■ Exercise instructions
Apart from the pictures, every line below is to be set down exactly.

■ Data segment
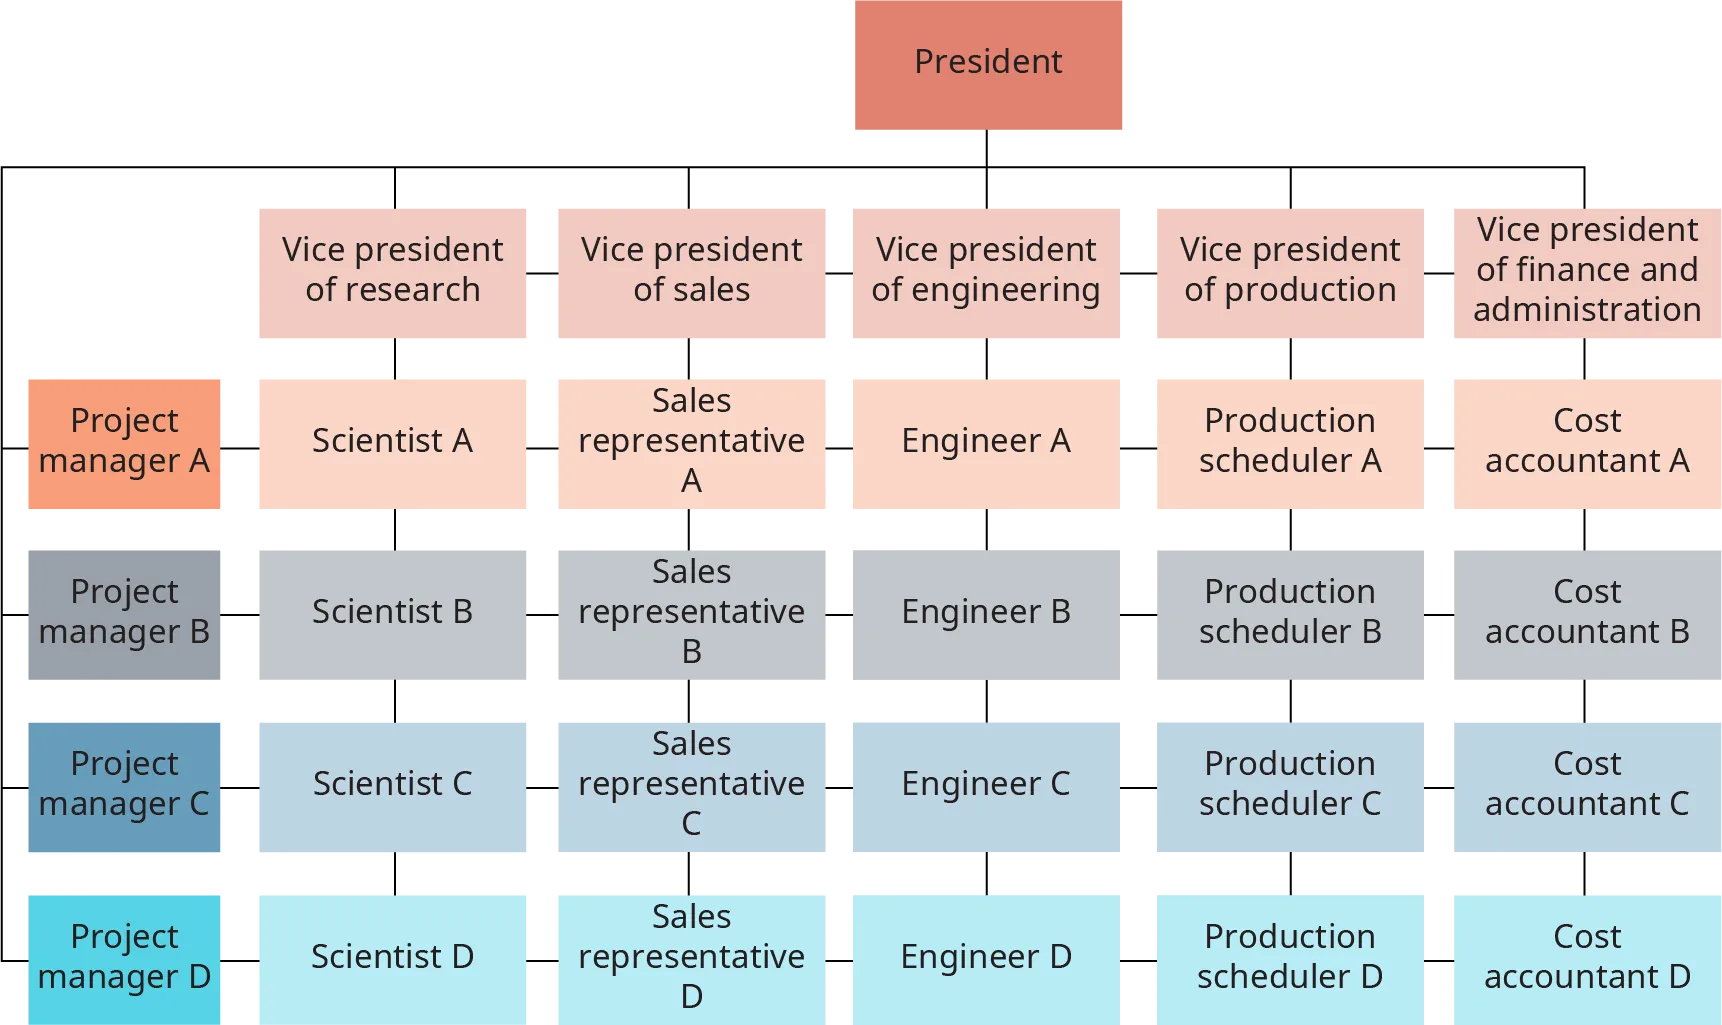 The matrix is made up of 5 columns and 4 rows. At the top of the matrix is the president; the president has lines extending to each column and row. The rows, from top to bottom, are labeled, Project manager A and Project manager B, and Project manager C, and Project manager D. From left to right, the columns are labeled Vice president of research and Vice president of sales, and Vice president of engineering, and Vice president of production, and Vice president of finance and administration. From left to right, the cells in the first row read, Scientist A, and Sales Representative A, and Engineer A, and Production Scheduler A, and Cost accountant A. Each row has this same construction, with scientist under v p of research; and sales rep under v p of sales, and engineer under v p of engineering, and production scheduler under v p of production, and cost accountant under v p of finance and admin.
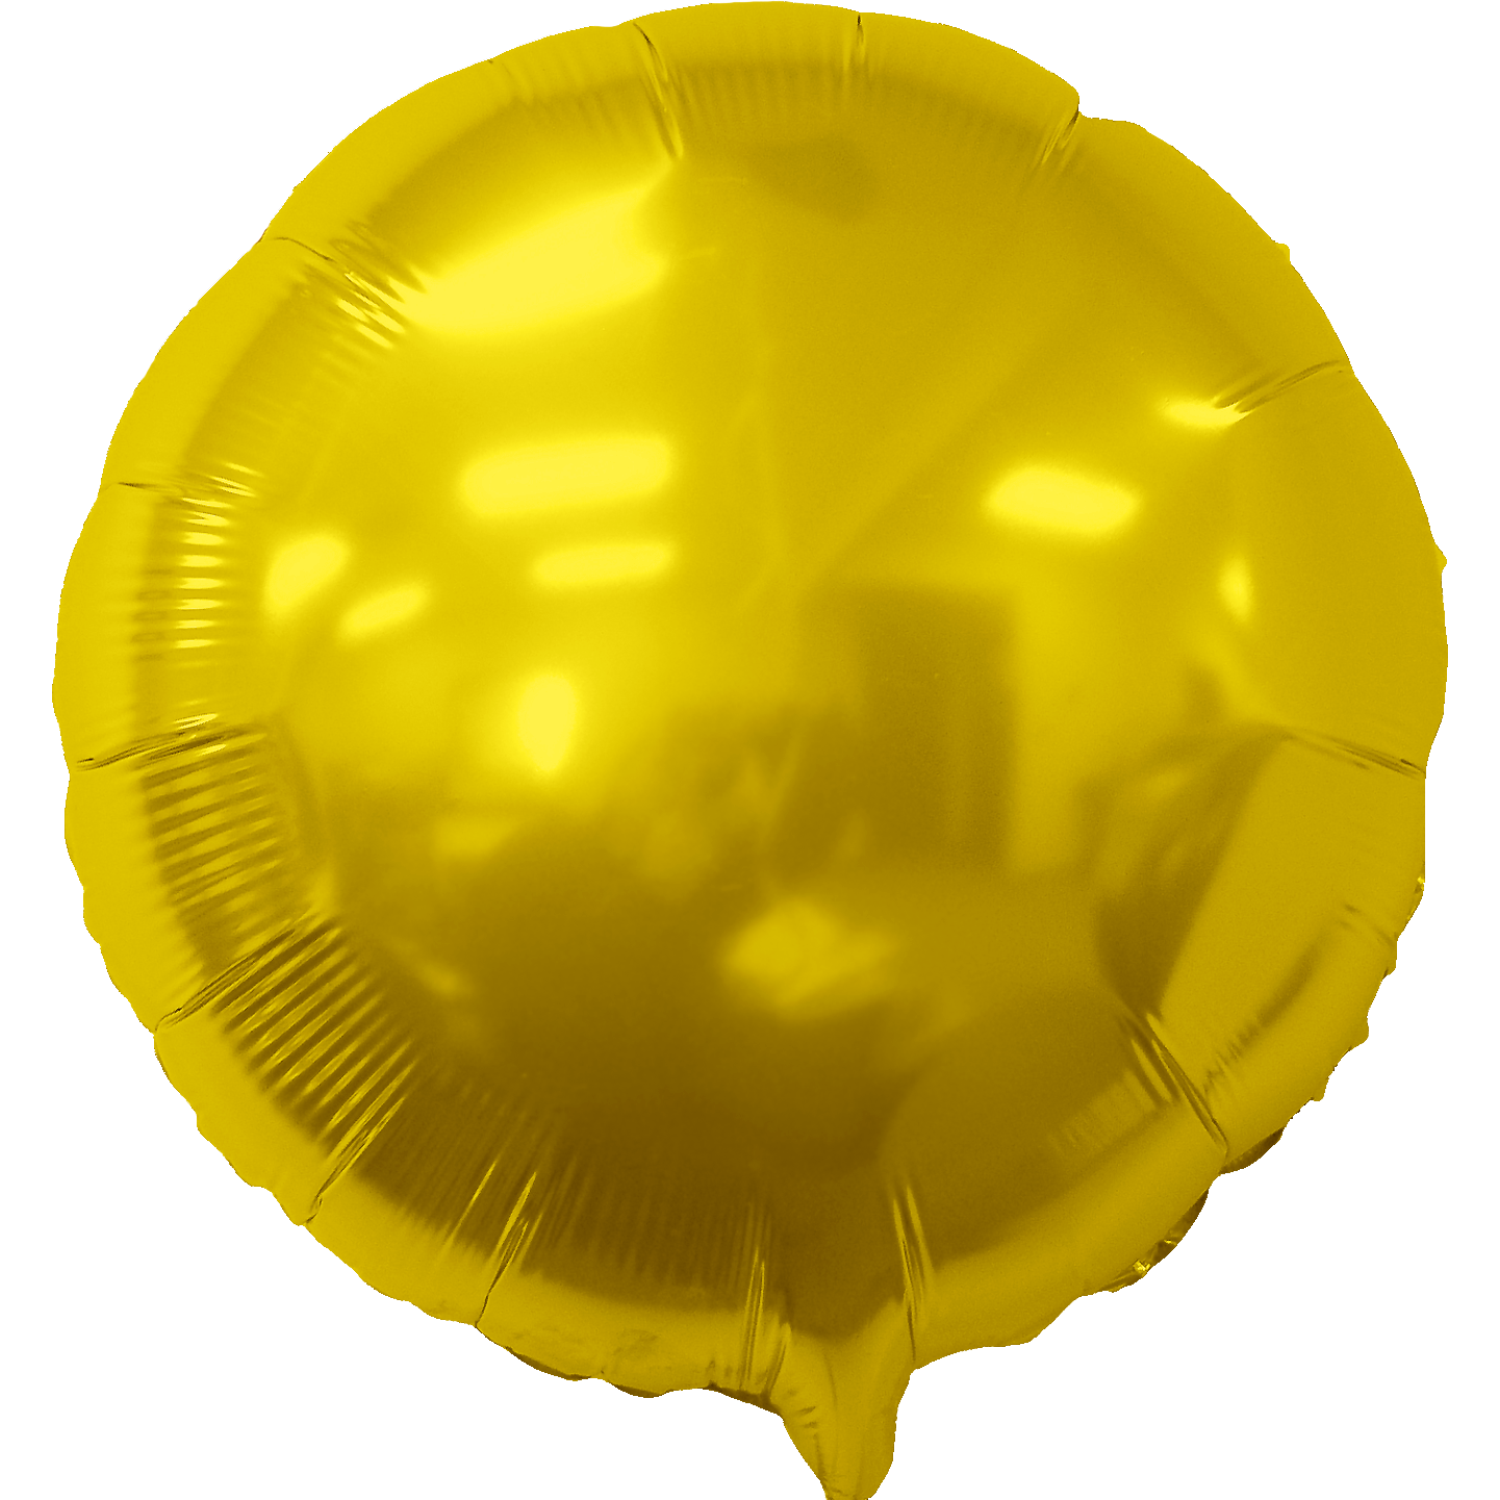 http://images.officebrain.com/migration-api-hidden-new/web/images/626/myrn-round-yellow.png
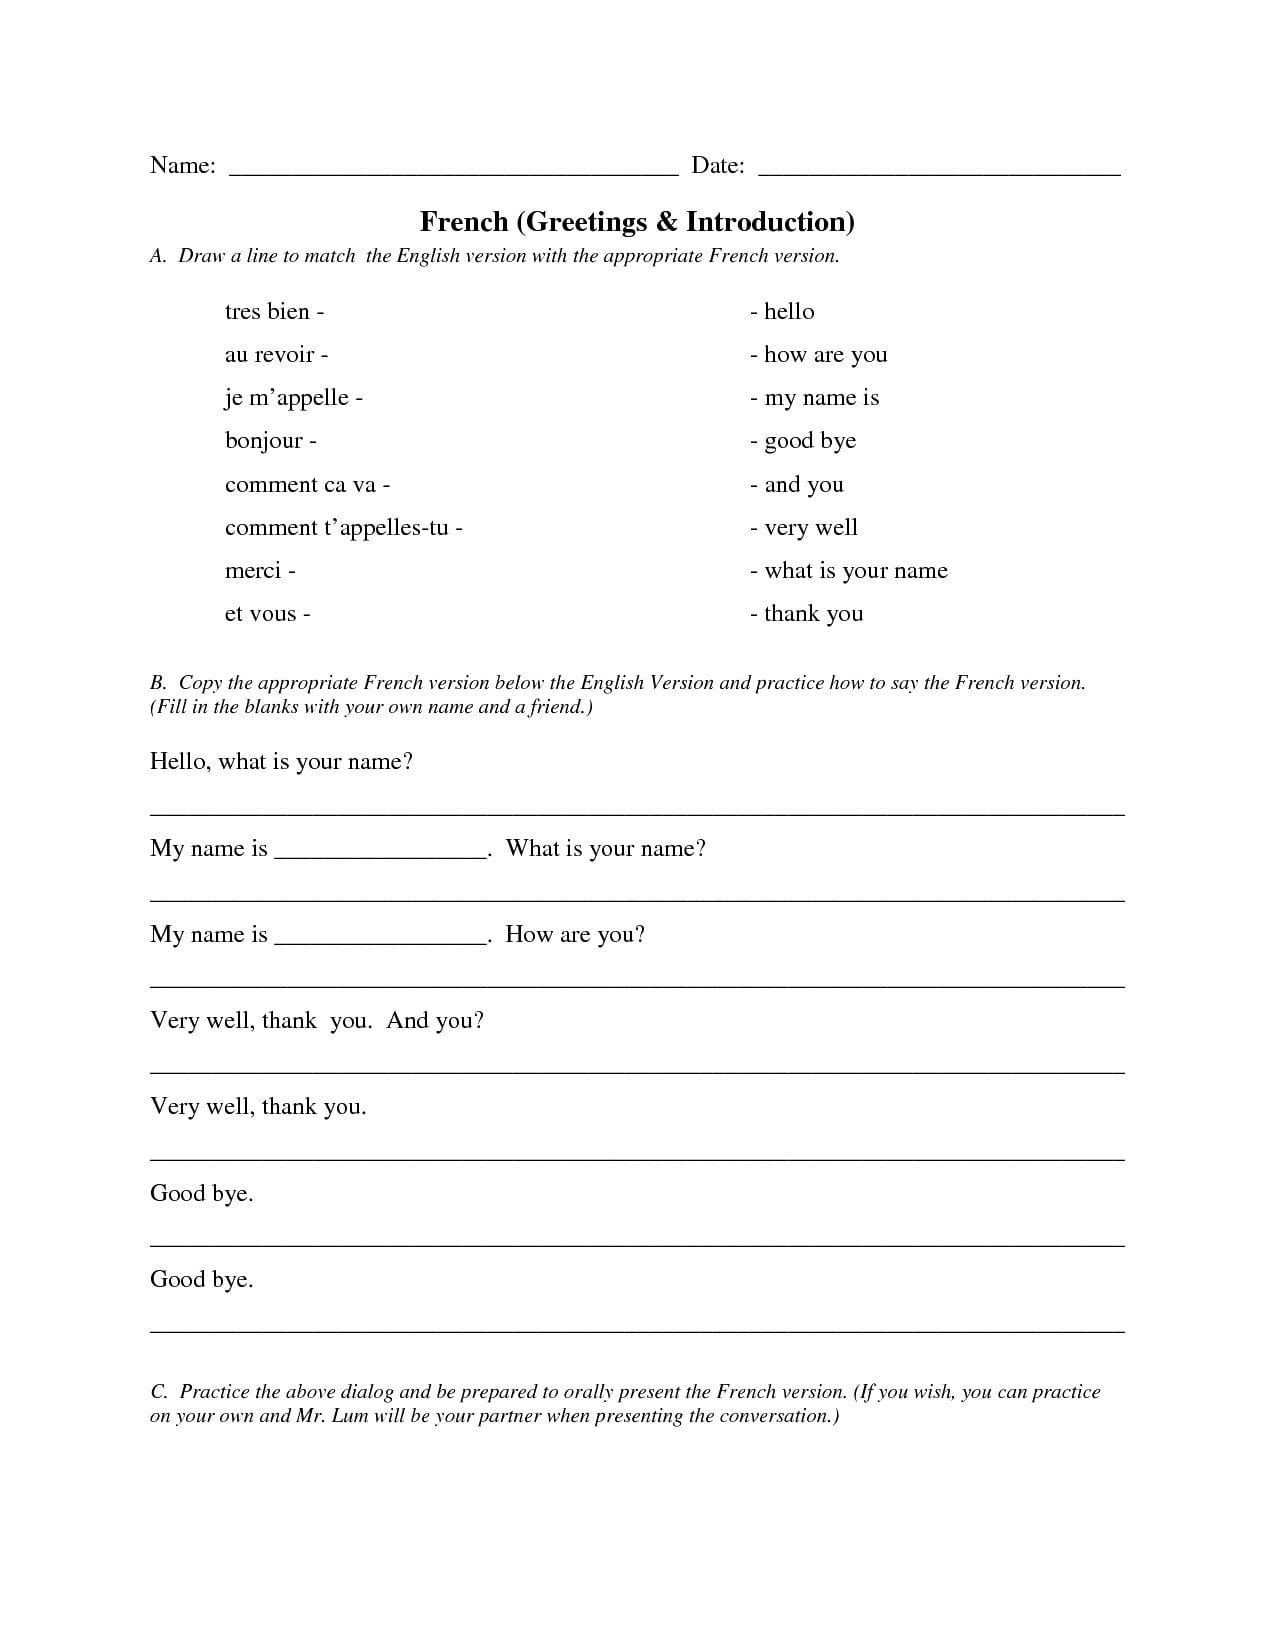 French Greetings  Introductions  Exercises In French Intended For French Worksheets For Beginners Pdf

■ Written response
 The matrix is made up of 5 columns and 4 rows. At the top of the matrix is the president; the president has lines extending to each column and row. The rows, from top to bottom, are labeled, Project manager A and Project manager B, and Project manager C, and Project manager D. From left to right, the columns are labeled Vice president of research and Vice president of sales, and Vice president of engineering, and Vice president of production, and Vice president of finance and administration. From left to right, the cells in the first row read, Scientist A, and Sales Representative A, and Engineer A, and Production Scheduler A, and Cost accountant A. Each row has this same construction, with scientist under v p of research; and sales rep under v p of sales, and engineer under v p of engineering, and production scheduler under v p of production, and cost accountant under v p of finance and admin.
 http://images.officebrain.com/migration-api-hidden-new/web/images/626/myrn-round-yellow.png
 French Greetings  Introductions  Exercises In French Intended For French Worksheets For Beginners Pdf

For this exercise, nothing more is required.